The Last House Guest(49)



I told him, even, about the power outages up at his property. Said he might want someone to look into that, let him decide what to make of it all.

Then I pulled the shades and opened the folder on my screen where I’d copied Sadie’s pictures. I started piecing through them one by one. Looking for something that I hadn’t seen the first time around. Believing, without a doubt, that something terrible had been done to her. I clicked the photos one after another, trying to retrace the steps she’d taken in the weeks leading up to her death.

The police had access to these, too, now, but Detective Collins seemed focused only on the thing that wasn’t there. When Sadie was showing us something right here—the world, through her eyes.

There she was with Luce, laughing. There was Parker, by the pool. The view of the bluffs, where she’d stood at least once before. The shaded mountain road, with the light filtering through the leaves above. Breaker Beach at dawn, the sky a cool pink.

Next, a photo of Grant and Bianca standing side by side in the kitchen, in the midst of a toast. Bianca looking up at Grant, her face open and happy. The smile lines around Grant’s eyes as he stared out at the hidden guests.

And then Connor. Connor on the boat, shirtless and tan. The piece that didn’t fit. I kept coming back to this shot. The shadow of her, falling across his chest. A strand of blond hair blowing across the lens as she leaned over him.

I zoomed in on Connor’s sunglasses until I could see Sadie herself in the reflection. Her bare shoulders, the black strap of her bathing suit, her hair falling forward, and her phone held in front of her as she caught him, unaware.





CHAPTER 17


I knew I’d find Connor at the docks, even though most of the day’s work would be over—the crates weighed and shipped, the boats tied up to the moorings. Connor was the type who would lend a hand to whomever happened to be working down there.

He was cleaning his boat, currently tied to the farthest post. Even turned away, he was hard to miss. I could see the sinew of his back as he worked, the late-afternoon sun hitting the curve of his shoulders, darker than all the rest of him.

My footsteps echoed on the dock, and Connor turned as I approached, pushing the hair off his forehead.

“You busy?” I asked.

“A bit,” he said, rag in hand.

“I need to talk to you about Sadie,” I said, my words carrying in the open air.

He frowned, focusing somewhere beyond my shoulder. He dropped his rag, then started untying the rope holding his boat to the docks. “Get on the boat, Avery,” he said, voice low and unsettling. Like when he’d get angry. I shivered.

I planted my feet on the last board of the dock. “No, I need you to answer my questions. It won’t take long.”

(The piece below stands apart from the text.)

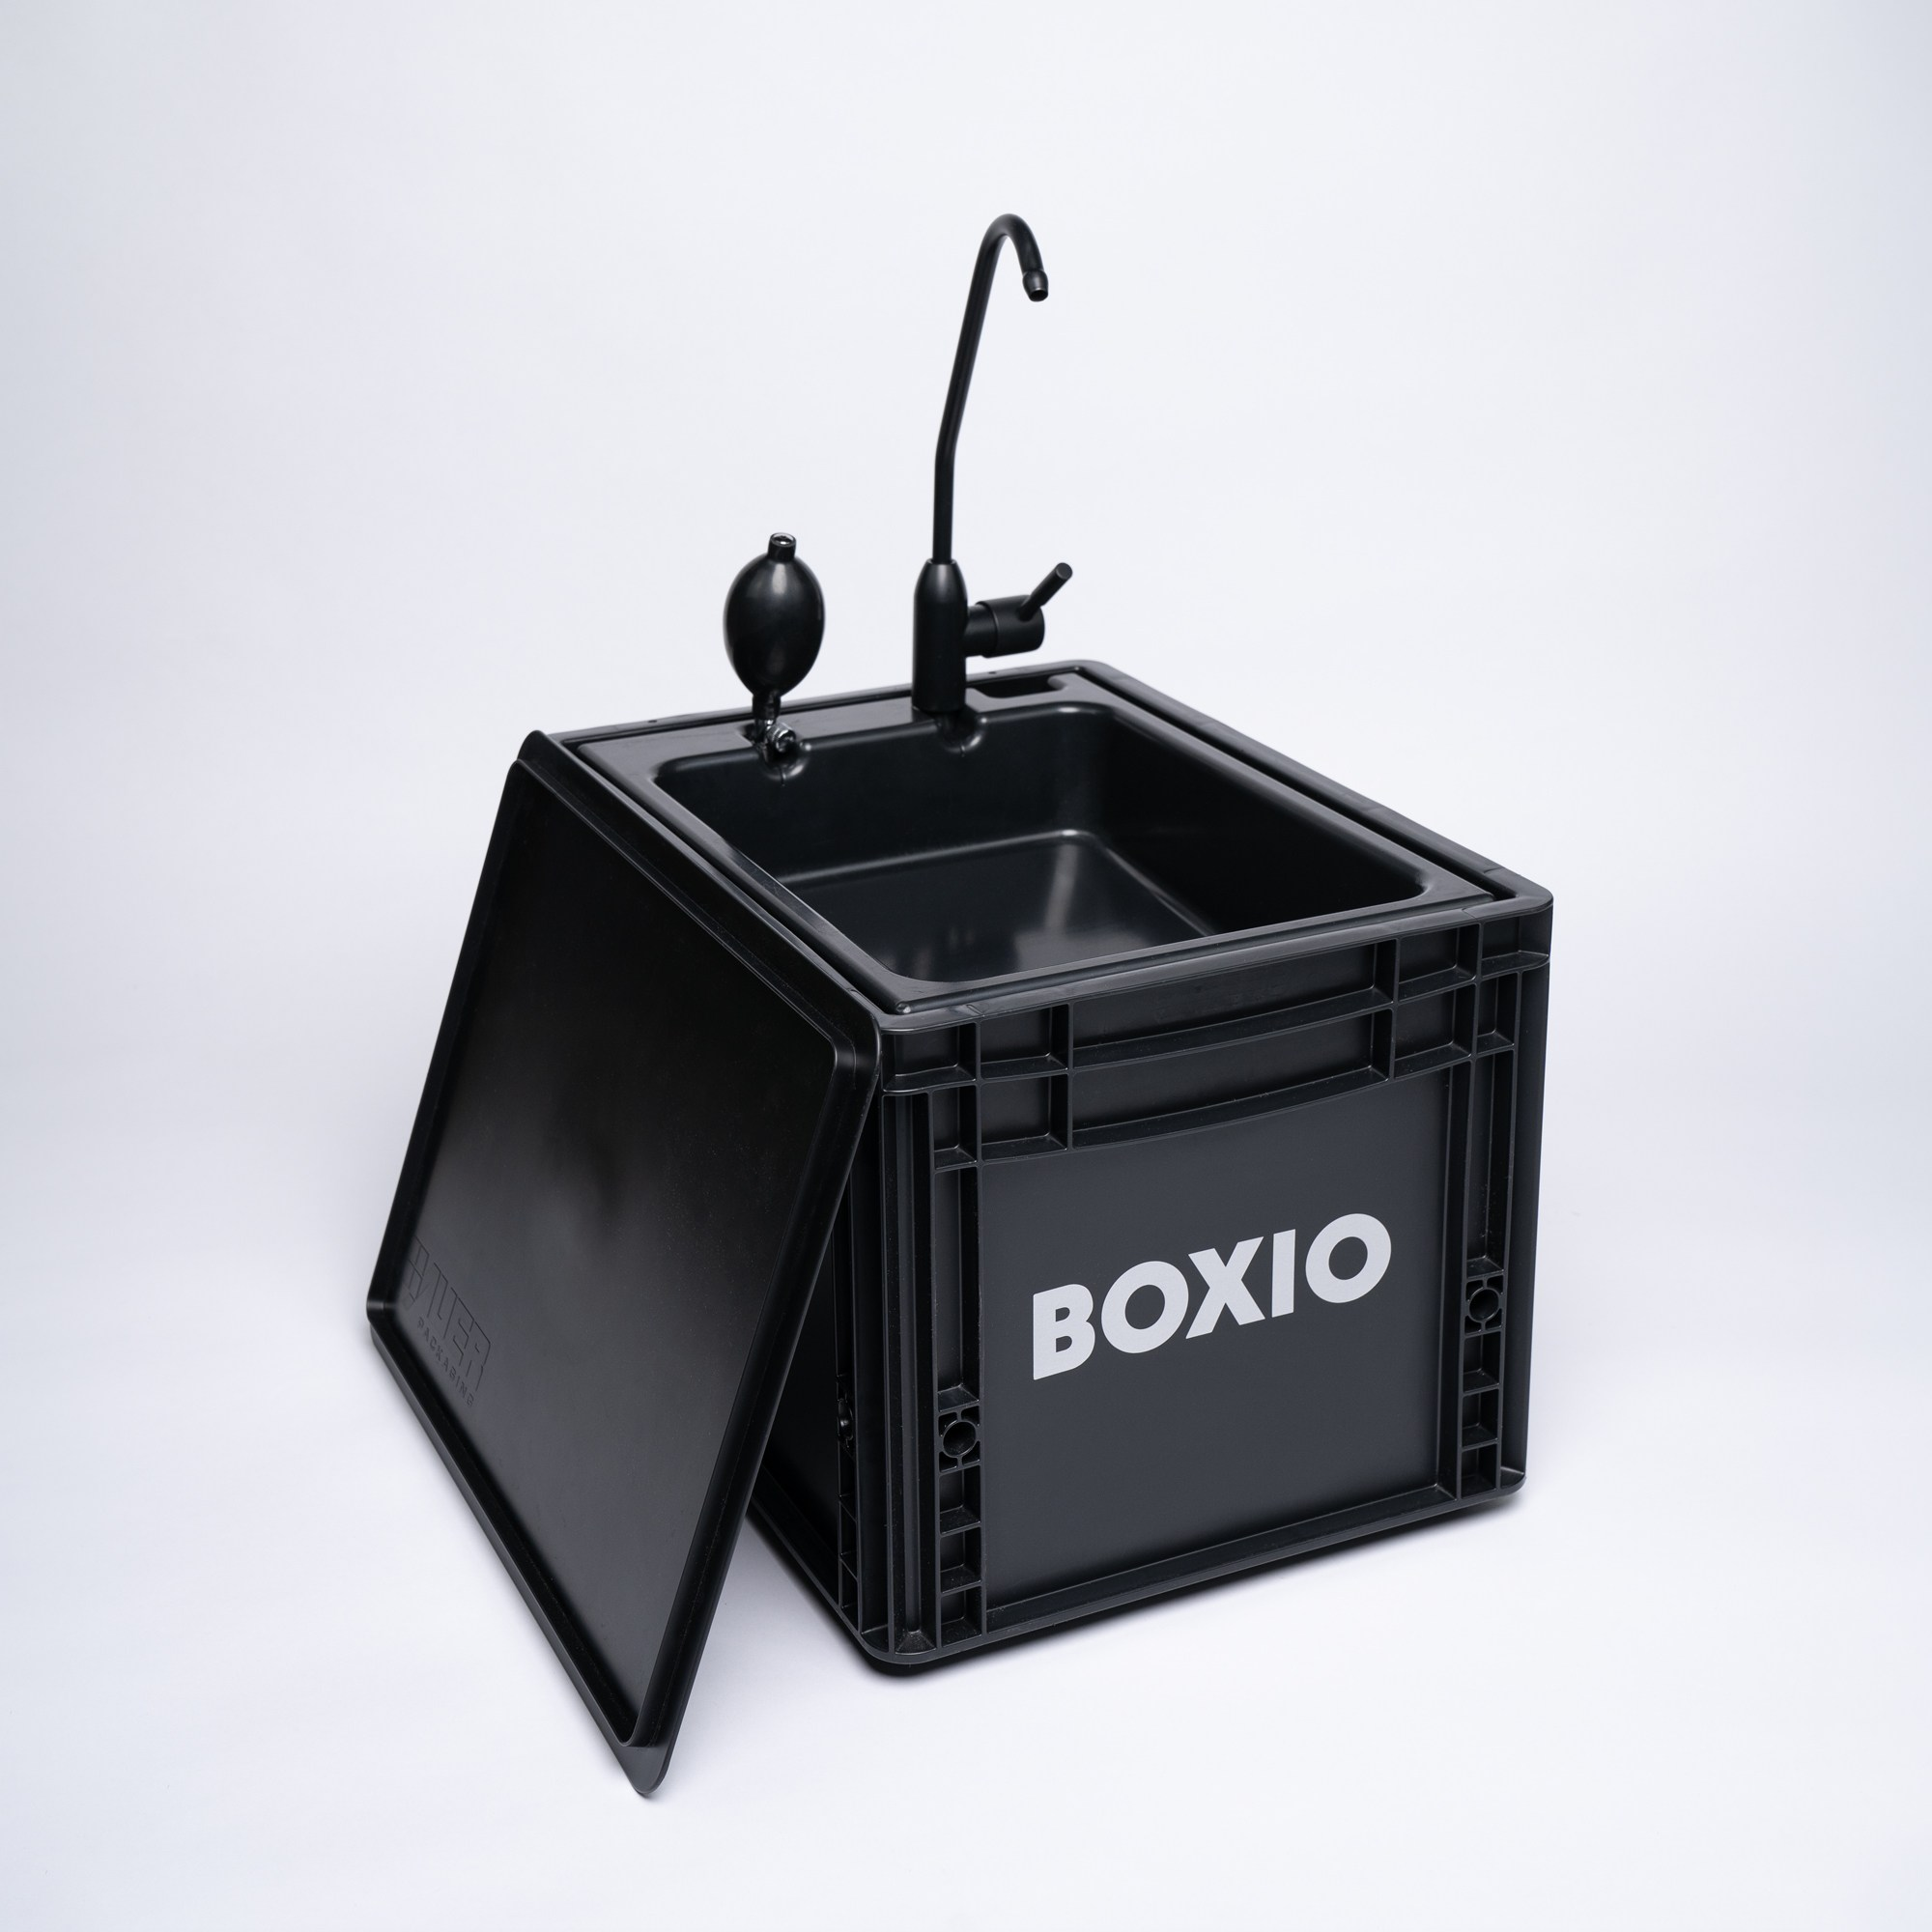 Vista completa da BOXIO-Wash: Eurobox preta com tampa dobrada, bomba e torneira

He started the engine then, not even pausing to look at me. “Ask me on the boat, or would you rather have this conversation with Detective Collins?”

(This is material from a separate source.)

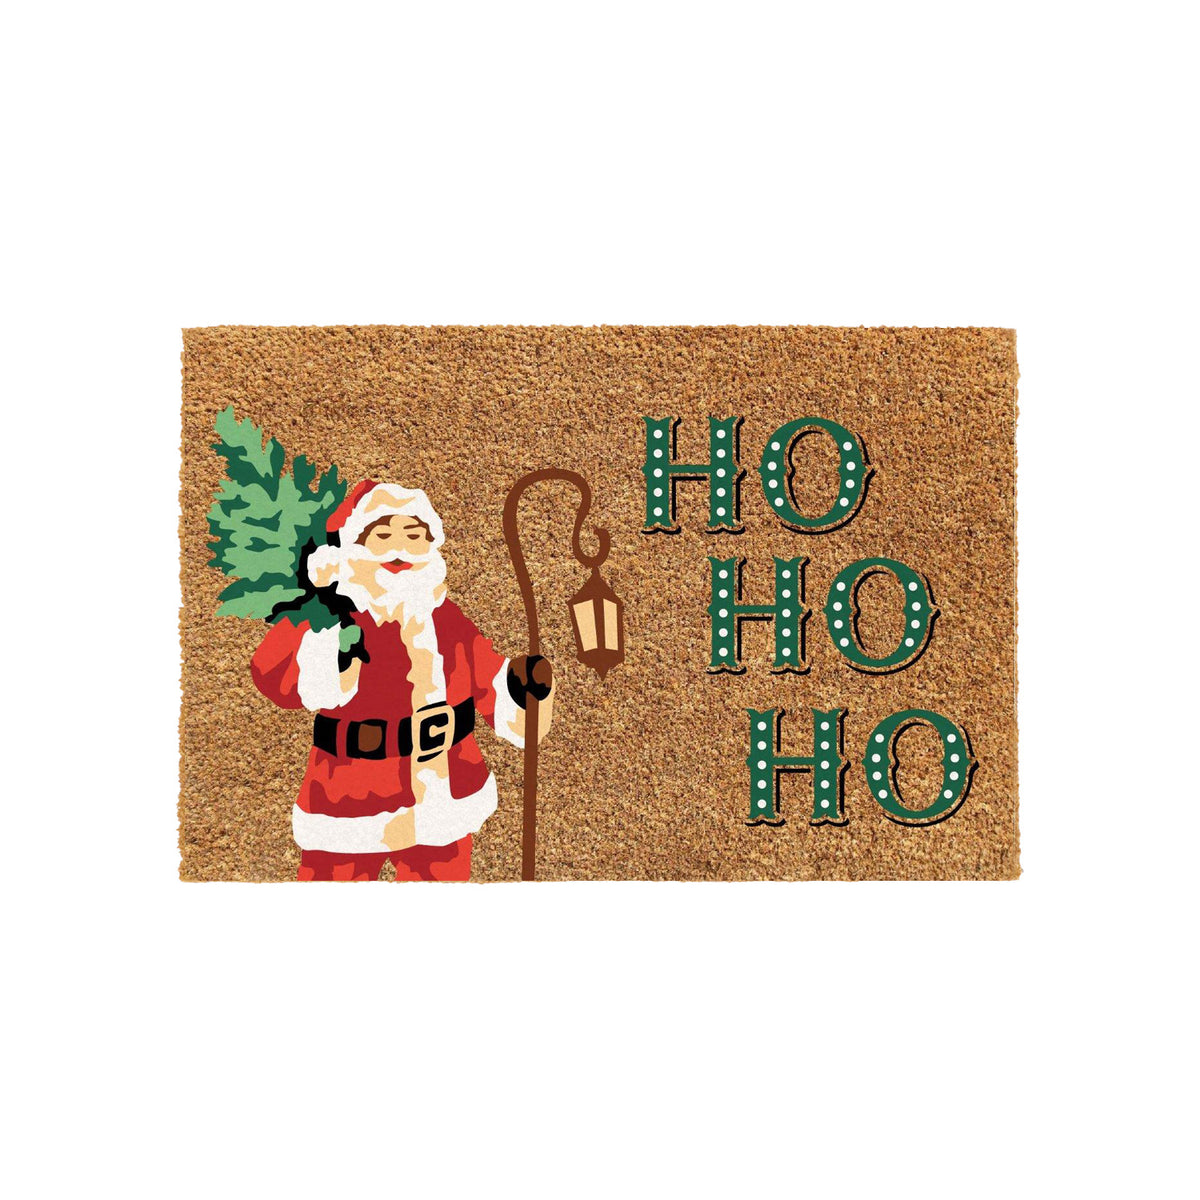 HO HO HO Christmas Theme Printed Coir Natural Door Mat

My shoulders tightened, and I started to turn.

“Don’t look,” he said. “He’s heading this way.”

I felt him coming then, in the shudder of the wooden planks under my feet. Last year, when I was questioned, I had told Detective Collins that Connor and I didn’t talk anymore, and that was true. But here I was, face-to-face with him, seeking him out even—and the detective had probably seen us. I wasn’t sure whether he was coming for me or for Connor, but after our last conversation, I didn’t want to wait to find out. He was looking into the case, yes, but he seemed more interested in how I’d found the phone—as if, once more, I’d been keeping something from him.

That list of names, it meant something, though. And Connor was on it. He’d told me when he arrived at the party, but all I had to go on was his word—and he’d already lied to me once.

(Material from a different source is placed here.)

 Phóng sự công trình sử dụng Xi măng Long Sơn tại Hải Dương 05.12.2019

I swallowed, stepping down onto the boat. Connor offered a hand without looking, but I steadied myself on the rail, taking the seat next to his behind the wheel, just as he pulled in the rope. He angled the boat away from the dock, no rush, like we had all the time in the world. But his jaw was set, and he kept his gaze on the mouth of the harbor.

I didn’t look back until we were in line with the rocks of the Point to our right. And when I did, Detective Collins was standing there, just a dark shadow on the edge of the pier, hands on his hips, watching us go.



* * *




IT HAD BEEN A long time since I was out on a boat made for function instead of comfort. The thing Connor promised with his charters and tours was authenticity. Nothing had been changed for the comfort of his guests, but that was the excitement. This wasn’t the same boat we’d taken out when we were younger—that had been his father’s—but this one was newer, and slightly larger, and cared for meticulously.

He cut the engine when we were still in the protection of the harbor, with the steady rise and fall of the sea below, and all you could hear was the hull dipping in and out of the water, the water gently lapping against the sides. “It’s nice,” I said, meaning the boat.

“It’s going to turn soon,” he said, looking up at the sky, then back at the water. Both were in shades of dark blue, but the wind blew in from offshore with an unexpected chill. Fall storms approached like that, with a colder current from both the sky and the sea. “What is it you wanted to ask me, Avery?” He sat across from me, bare feet and khaki shorts, arm slung on the back of the seat, every word and mannerism chosen with care. Like he was pretending to be the person I thought I knew.